Agentic Adventures - Using llama.cpp
Introduction
In this blog I am going to explore installing and using the llama.cpp set of tools and using them to provide local LLM models in the zed editor for agentic coding.
To test I will be using two different computers, my Apple MBP M4 Max with 36Gb of Ram (Unified) and our Lab setup which is Lenovo workstation i7-13700 with 64Gb RAM and an nVidia GeForce RTX 4080 16Gb
I will start by installing and setting up the tools, then using a few simple models will evaluate how effective this is on a simple python / PySide6 app (which is a good use case for our teaching).
The main motivation for this is to have a simple way of teaching agentic coding best practices without having to spend any extra money on tokens.
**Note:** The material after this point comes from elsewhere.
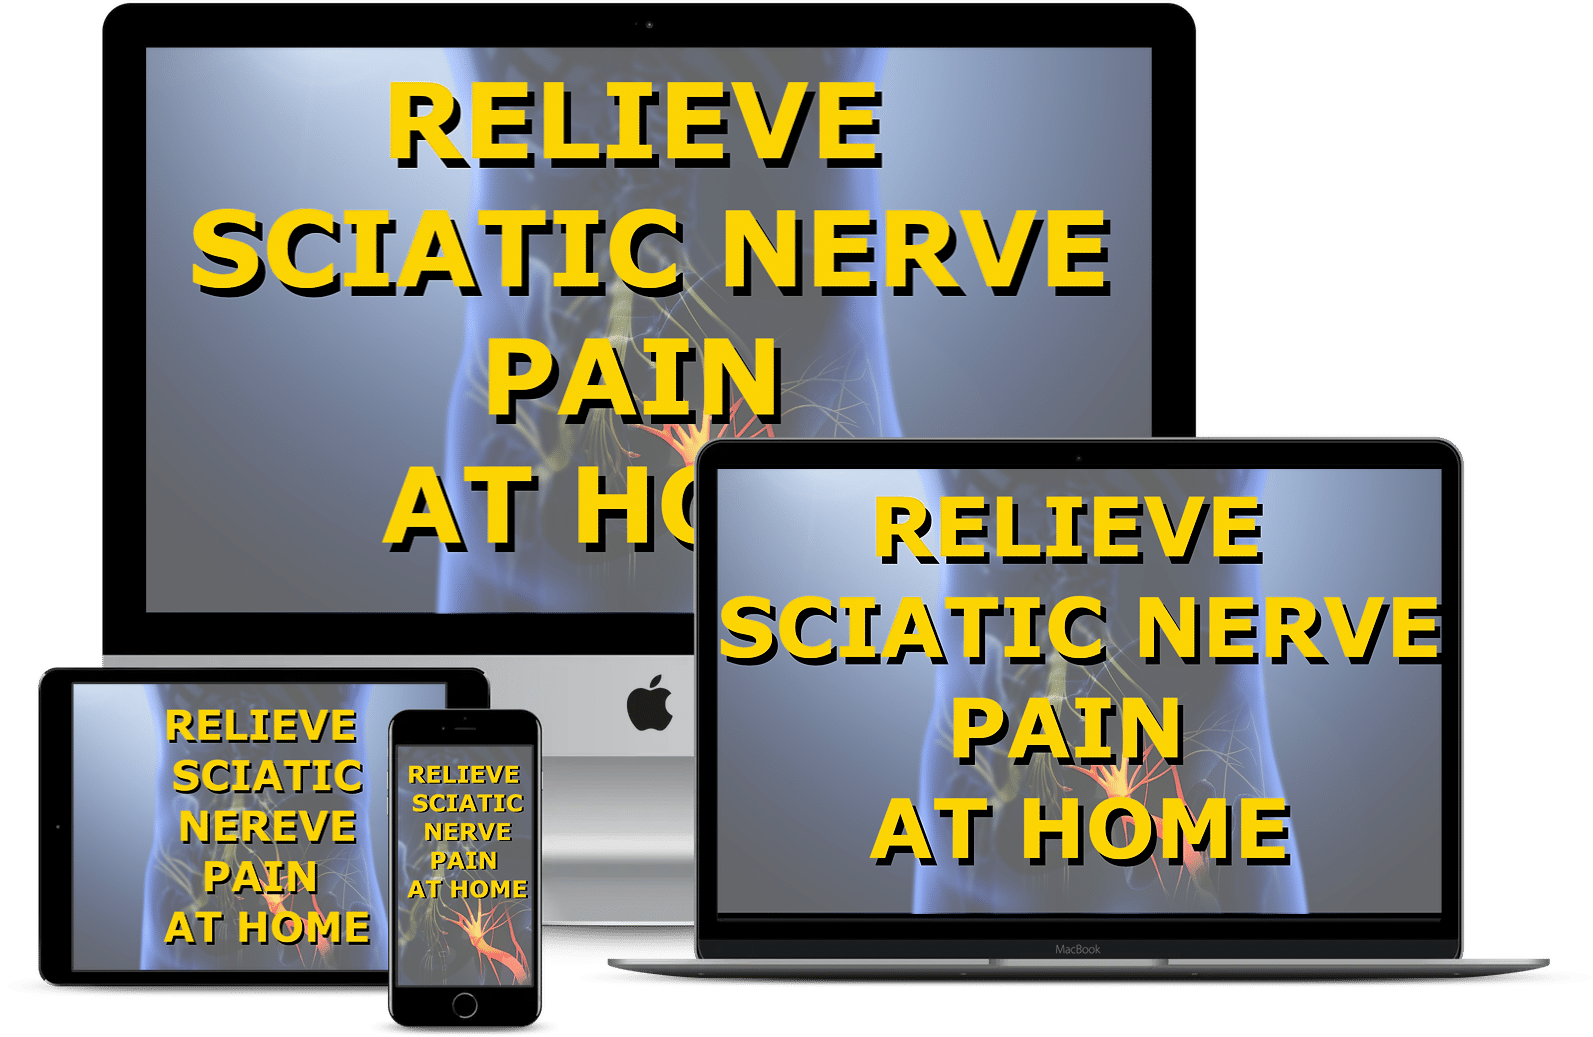 relieve sciatic nerve pain at home

This will allow simple experimentation with base / simple models before we spend actual credits on real projects.
llama.cpp install
There are very detailed instructions on installation on the GitHub page, however I used two different methods. On the mac I used brew as I typically use this day to day for other tools
brew install llama.cpp
For linux I decided to build from source as our lab machines are a more complex setup. This was fairly straight forward.
git clone git@github.com:ggml-org/llama.cpp.git
cd llama.cpp
mkdir build
cd build
cmake -G Ninja -DGGML_CUDA=ON -DCMAKE_BUILD_TYPE=Release ..
ninja
Note the flag -DGGML_CUDA=ON is used to enable the cuda version which works as our machines are already setup for cuda development.
This takes a while to build but once done there will be a build/bin folder with all the tools needed. I have now copied all the tools into our /public/devel/25-26/bin folder so they are now avaliable to all.
Zed Config
When using with zed we need to run the server and tell zed what port and API key we are using. As this is a local setup the key can be simple. To run the server we do the following in the terminal
llama-server --api-key 12345 -m MODEL.gguf
There are many other command line arguments that can be used but these are model specific and we will investigate these later.
Inside zed we now need to add the server information, llama.cpp uses openai compatible api so it will work directly with the zed agent panel as a provider.
We need to add the following into the zed config.json file (zed->settings->settings file)
"language_models": {
"openai_compatible": {
"llama.cpp": {
"api_url": "http://localhost:8080",
"available_models": [
{
"name": "LLamaServerCurrentModel",
"display_name": "LLamaServerCurrentModel",
"max_tokens": 131072,
"max_output_tokens": 65536,
},
],
},
},
},
The core element is the url / port that the server is running on, by defaul llama.cpp will use http://localhost:8080 but other ports can be used / configured on the server command line.
The name / display_name will appear in the zed agent panel.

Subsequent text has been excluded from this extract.